Name* Position with Underwriter Positions with Fund
Stephen J. Kyllo Director, President, Chief Operating Officer & Chief Compliance Officer None
Richard C. Noyes Senior Vice President, General Counsel and Assistant Secretary None
Daniel Dolan Senior Vice President None
Kevin J. Ireland Senior Vice President None
Patrick J. Pedonti** Vice President, Treasurer and Assistant Secretary None
Eric T. Parsons Vice President, Controller and Assistant Treasurer None
Joseph J. Frank** Secretary None
Liza Orr Vice President, Senior Counsel None
Jed Stahl Vice President, Senior Counsel None
James Stegall Vice President None
Gary Ross Senior Vice President None
Hilary Quinn Vice President None
* Except as otherwise noted, the principal business address for each of the above directors and executive officers is 1290 Broadway, Suite 1000, Denver, Colorado 80203.
** The principal business address for Messrs.
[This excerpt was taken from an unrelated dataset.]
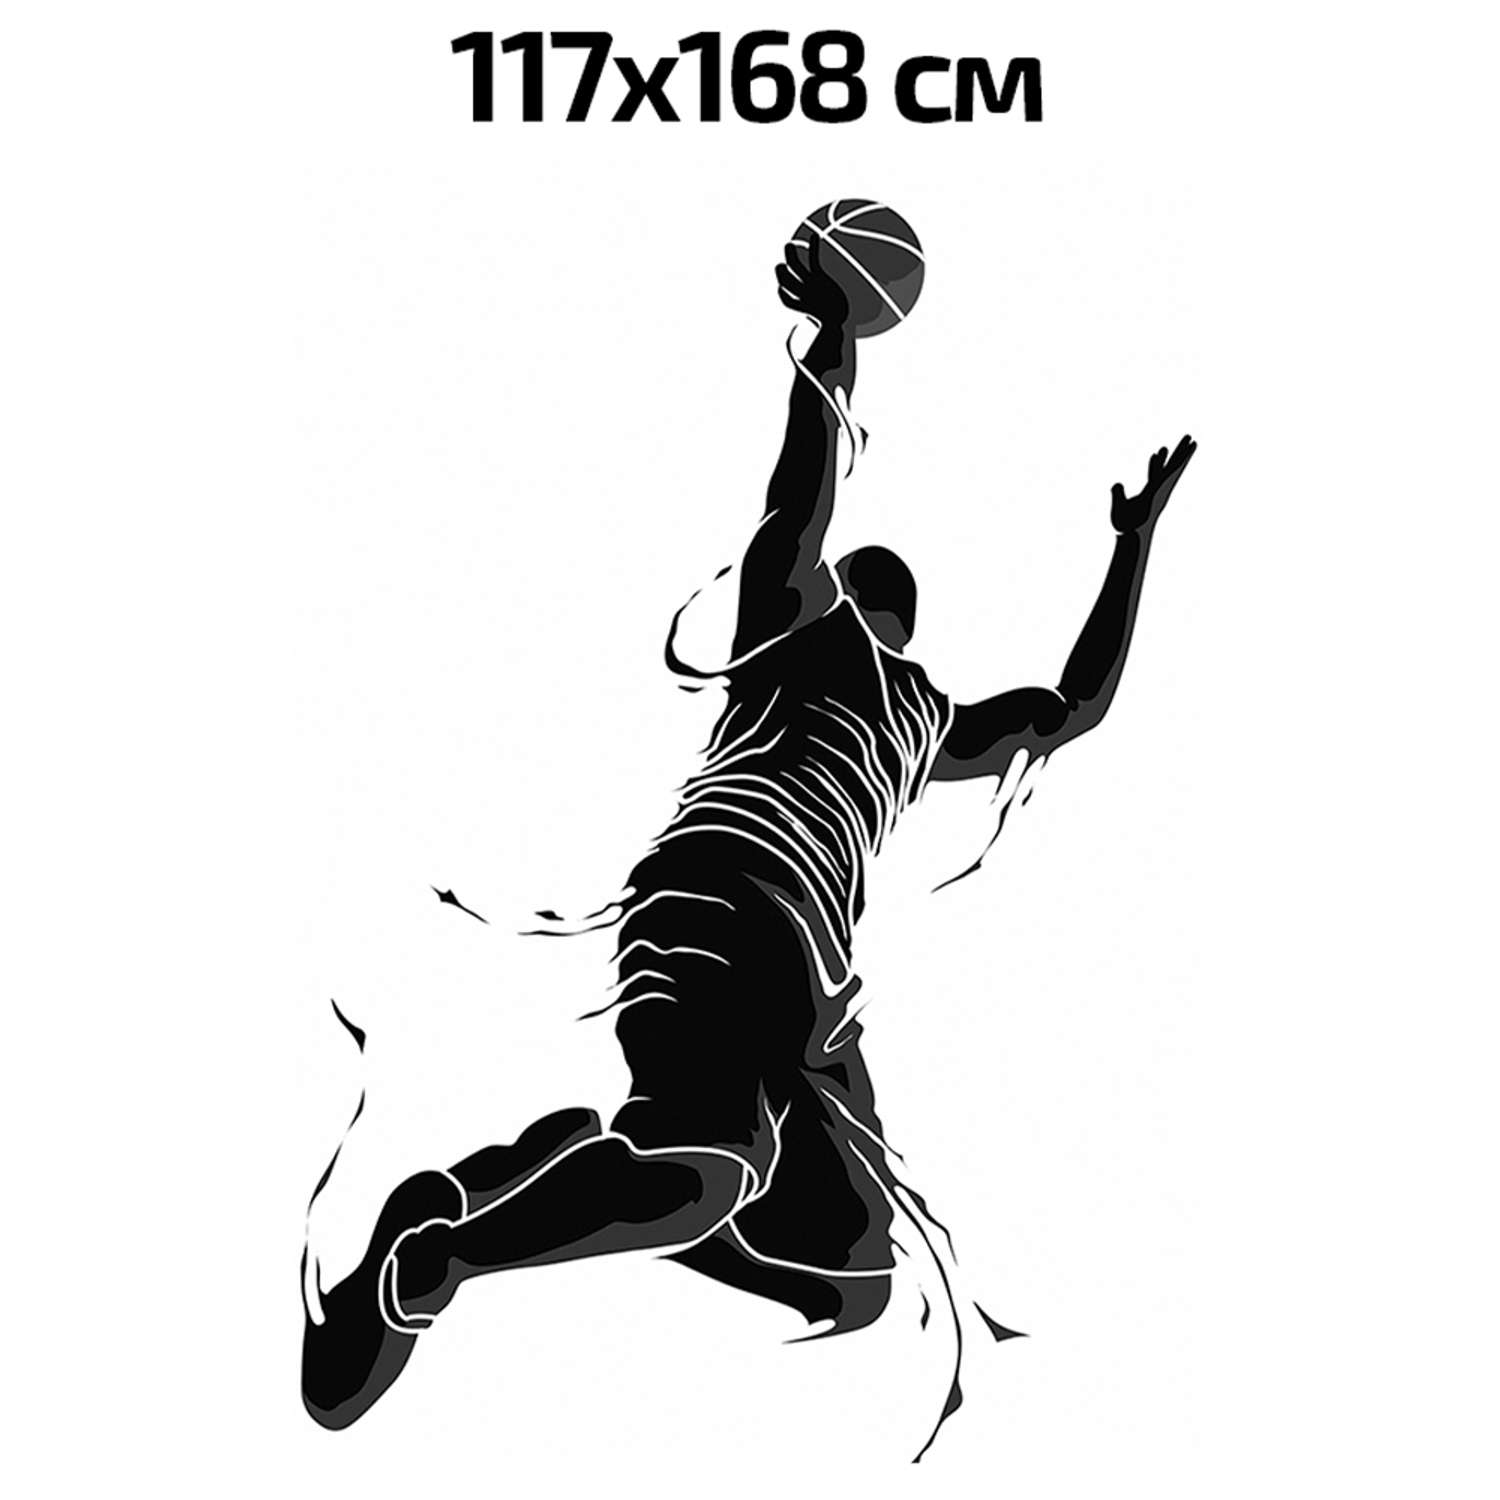 Наклейка интерьерная Woozzee Баскетболист в броске - фото 2

Pedonti and Frank is 333 W. 11th Street, 5th Floor, Kansas City, Missouri 64105.

(c) Not applicable.

Item 33. Location of Accounts and Records

All accounts, books and other documents required to be maintained by Section 31(a) of the Investment Company Act of 1940 and the rules thereunder are maintained at the following offices: (1) ALPS Portfolio Solutions Distributor, Inc., 1290 Broadway, Suite 1000, Denver, Colorado 80203; (2) ALPS Advisors, Inc. at 1290 Broadway, Suite 1000, Denver, Colorado 80203; (3) State Street Bank and Trust Company, 1 Iron Street - CCB0700, Boston, MA 02210; (4) RiverFront Investments, LLC, 9011 Arboretum Parkway, Suite 110, Richmond, VA 23236; (5) GSI Capital Advisors LLC, 23 Corporate Plaza, Suite 150, Newport Beach, CA 92660; and (6) Hillman Capital Management, Inc.; 7255 Woodmont Ave Suite 260, Bethesda, MD 20814.

Item 34. Management Services

Not applicable.

Item 35. Undertakings.

Not applicable.

SIGNATURES

Pursuant to the requirements of the Securities Act of 1933 and the Investment Company Act of 1940, the Registrant certifies that it meets all the requirements for effectiveness of this Registration Statement pursuant to rule 485(b) under the Securities Act of 1933 and has duly caused this Post-Effective Amendment No. 311 of its Registration Statement to be signed on its behalf by the undersigned, thereunto duly authorized, in the city of Denver, and State of Colorado, on the 30th day of November, 2021.

ALPS ETF TRUST
By: /s/ Laton Spahr
Laton Spahr
President

Pursuant to the requirements of the Securities Act of 1933, this Registration Statement has been signed below by the following persons in the capacities and on the date indicated.

Signatures Title Date
/s/ Mary K. Anstine Trustee November 30, 2021
Mary K. Anstine*
/s/ Jeremy W. Deems Trustee November 30, 2021
Jeremy W. Deems*
/s/ Rick A. Pederson Trustee November 30, 2021
Rick A. Pederson*
/s/ Edmund J. Burke Trustee November 30, 2021
Edmund J. Burke*
/s/ Laton Spahr President November 30, 2021
Laton Spahr
/s/ Kathryn Burns Treasurer November 30, 2021
Kathryn Burns
* Signature affixed by Brendan Hamill pursuant to a power of attorney dated September 13, 2021, filed herewith as Exhibit (q).

EXHIBIT INDEX

Exhibits
(q) Powers of Attorney for Mary K. Anstine, Jeremy W. Deems, Edmund J. Burke, and Rick A. Pederson.